Florian Teichtmeister, qui joue l’empereur François-Joseph, époux de Sissi, a été inculpé pour énorme possession de matériel pédopornographique. Un crime grave. L’acteur devra en répondre en cour en février prochain et plaiderait coupable, selon son avocat. On applaudit. Mais le film tout entier en pâtit.

La chaîne Cineplexx, basée en Autriche, l’a retiré de l’affiche. La télévision publique ORF, cofinancière de l’œuvre, ne la présentera pas sur ses ondes. La réalisatrice, qui n’y est pour rien, s’arrache les cheveux, déplorant que son œuvre féministe soit à ce point salie et abîmée par les actions horribles d’une seule personne. Le tournage avait commencé en amont des premières rumeurs sur les mœurs de l’interprète. Puis l’acteur nia tout.

D’autres personnes du milieu invitent à faire la différence entre un film et la conduite d’un de ses acteurs. À Vienne, l’Association professionnelle de l’industrie cinématographique entend maintenir Corsage dans la course aux Oscar pour représenter l’Autriche dans la section du meilleur film étranger. Il se trouve déjà dans une présélection de 15 titres. Sans grande chance de figurer au peloton des œuvres en lice après ces terribles remous.

Devant l’acteur (au rôle antipathique), certains ne verront plus que le pédophile. La tempête est accentuée par les médias sociaux, qui encouragent le boycottage du film, non généralisé pour l’instant. Les réflexes de repli sont humains devant l’horreur d’un crime, mais il y a moyen de regarder au-delà.

Car des questions éthiques se profilent au détour. Les compagnies artistiques devraient-elles jouer les enquêteurs de police avant d’embaucher pour leurs projets interprètes et techniciens pour s’assurer de leurs bonnes mœurs ? Ça entraînerait de graves violations de la vie privée, bientôt dénoncées par tous. Voici donc le milieu à la merci d’une éventuelle brebis galeuse, susceptible de jeter toute une production à terre. Une œuvre ambitieuse comme Corsage aura fait travailler 300 techniciens et interprètes. Décourageant ! Des membres de la profession tremblent. De quoi vouloir changer de métier.

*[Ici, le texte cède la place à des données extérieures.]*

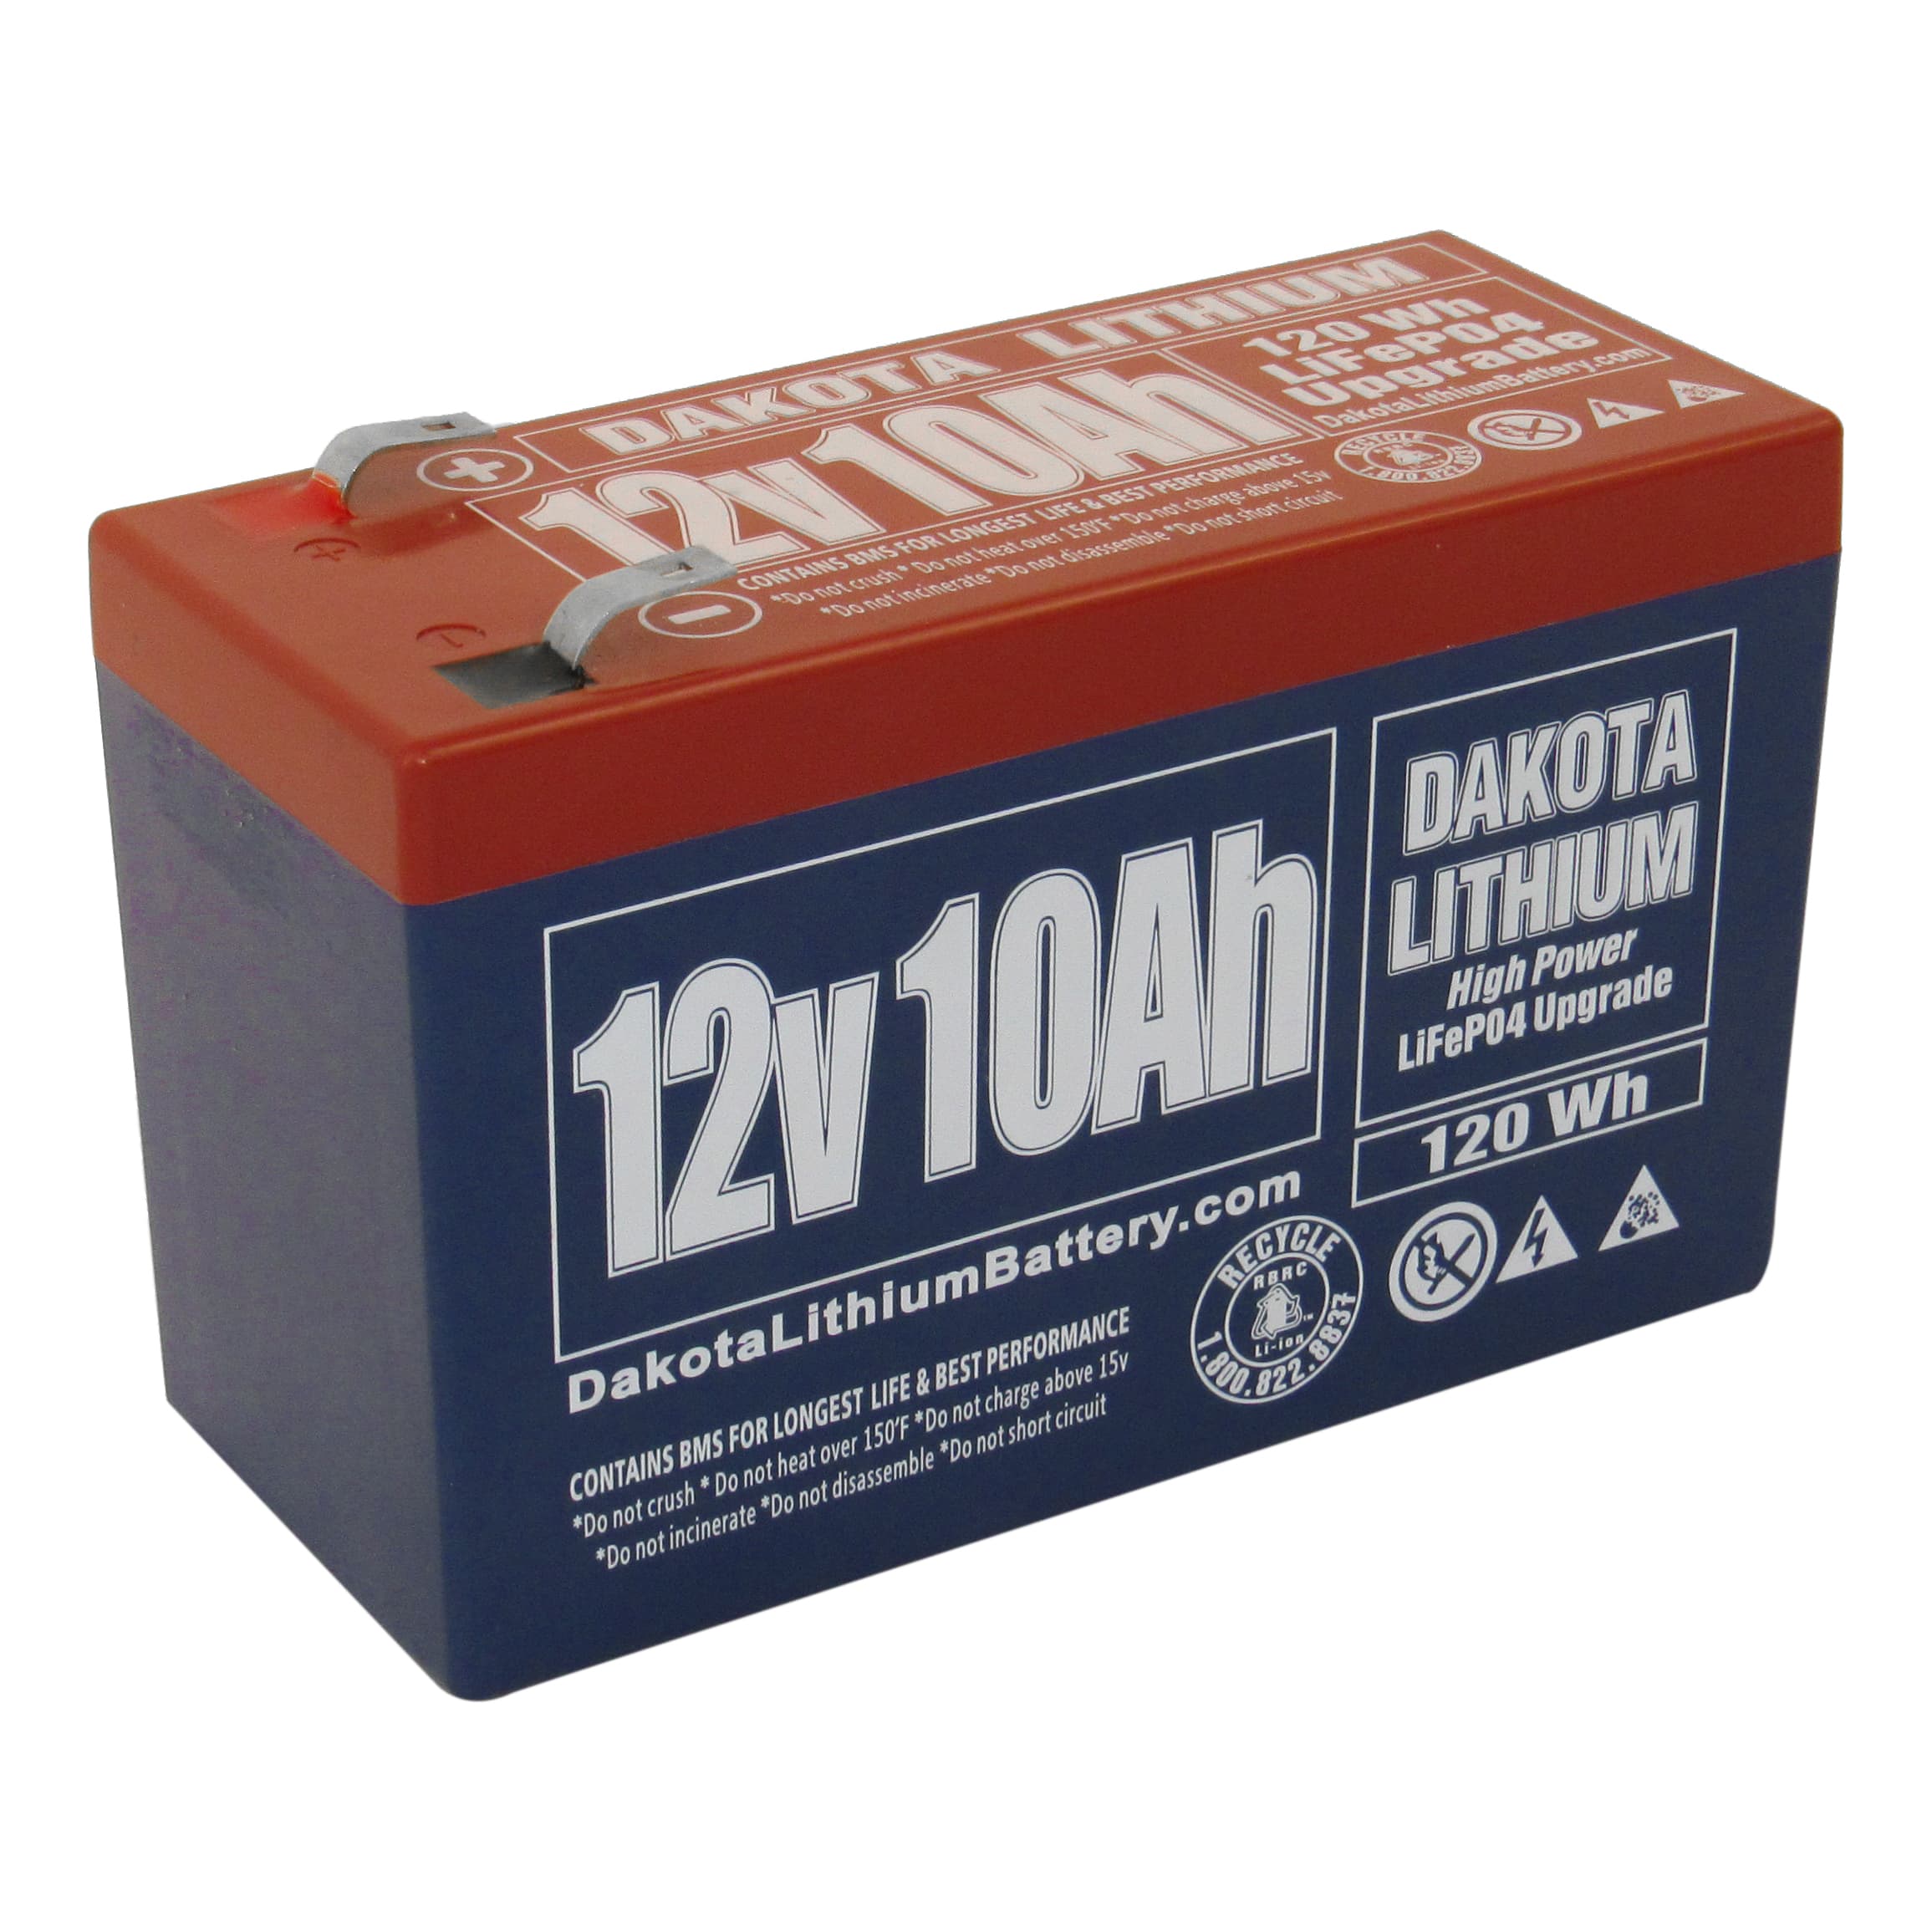 Dakota Lithium 12-Volt 10 AH Battery

Déjà que des œuvres du passé, jugées non conformes aux normes du jour, se voient effacées des circuits de diffusion sans qu’on tienne compte de leur contexte historique. Les projets contemporains sont menacés de concert. Nos sociétés ne pourraient-elles apprendre à faire la part des choses ? Ne serait-ce que pour offrir demain, sous d’autres vagues, un vrai legs culturel aux générations futures ? Celles-ci auront bien besoin de lumières pour déchiffrer un horizon planétaire déjà brouillé devant leurs yeux.